The Chinese government will step up reform and roll out a series of new incentives to better remove hurdles hampering private investment and businesses and boost economic vitality, the State Council’s executive meeting chaired by Premier Li Keqiang decided on Thursday.
The meeting decided on a host of measures to further facilitate private investment and boost the sound development of the private sector. Premier Li stressed that further measures should be taken to unleash market vitality and boost private investment. A number of favorable projects should be identified as potential targets for attracting private investment.
“Our economy is showing a stable performance with good momentum for growth. Facing new circumstances and new challenges, we should step up reform, pay attention to emerging problems, plan ahead, and fine-tune policies as necessary to make sure that the economy performs within a proper range,” Li said.
Recent years have witnessed the government’s relentless efforts in encouraging private investment. In the first seven months of this year, the total value of private investment reached 22.26 trillion yuan ($3.32 trillion), registering a year-on-year growth of 8.8 percent, 3.3 percentage points higher than overall investment growth.
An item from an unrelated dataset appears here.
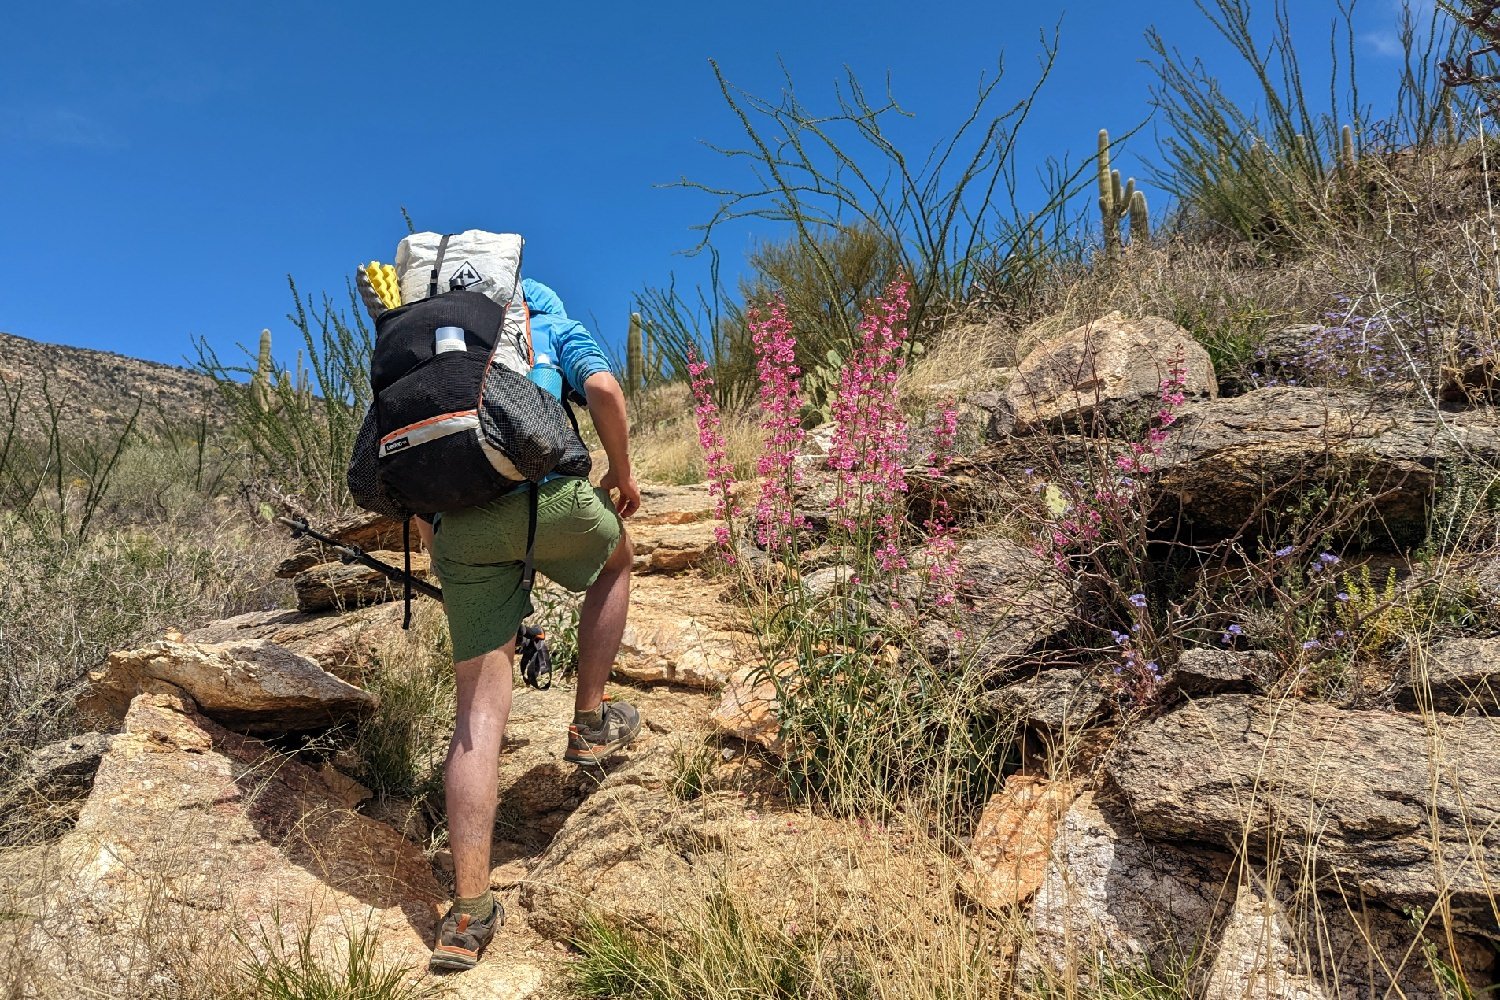 A hiker wearing the Hyperlite Mountain Gear Unbound 40 scrambling up some rocks on a desert trail with blooming flowers and cacti around him

This amounts to 62.6 percent of total investment in the country, making private investment a major pillar of investment growth.
“The stability we aim for should be achieved in the context of continued progress and stability is in itself a step forward for the economy. It is vital to strengthen the financial sector to better serve the real economy,” Li said.
The meeting called for greater efforts to encourage more private investment and to lower threshold for private investment to enter key areas. The meeting called for shoring up the weak links, boosting domestic demand, promoting employment and strengthening the impetus for long-term development.
Additional conditions hampering private investment entering fields such as health care and caring for the elderly will be reduced or lifted, and the government will make targeted efforts to remove hidden obstacles in land use, funding support and personnel training in these areas with stronger compliance regulation.
“The potential of consumption as a driver for growth need to be further unlocked. At the same time, more efforts need to be made to reduce business costs, support export, and make better use of foreign investment,” Li said.
Tax and fee cutting measures for private businesses will be further implemented, while value-added tax reform will be deepened, the meeting decided. Financing transmission mechanisms will be improved to allow financial sector better serve the real economy. A risk compensation mechanism for lending to private businesses will be established to make financing more accessible and affordable for private businesses.
“This year marks the 40th anniversary of China’s reform and opening up, which remains essential for China’s social and economic development,” Li pointed out.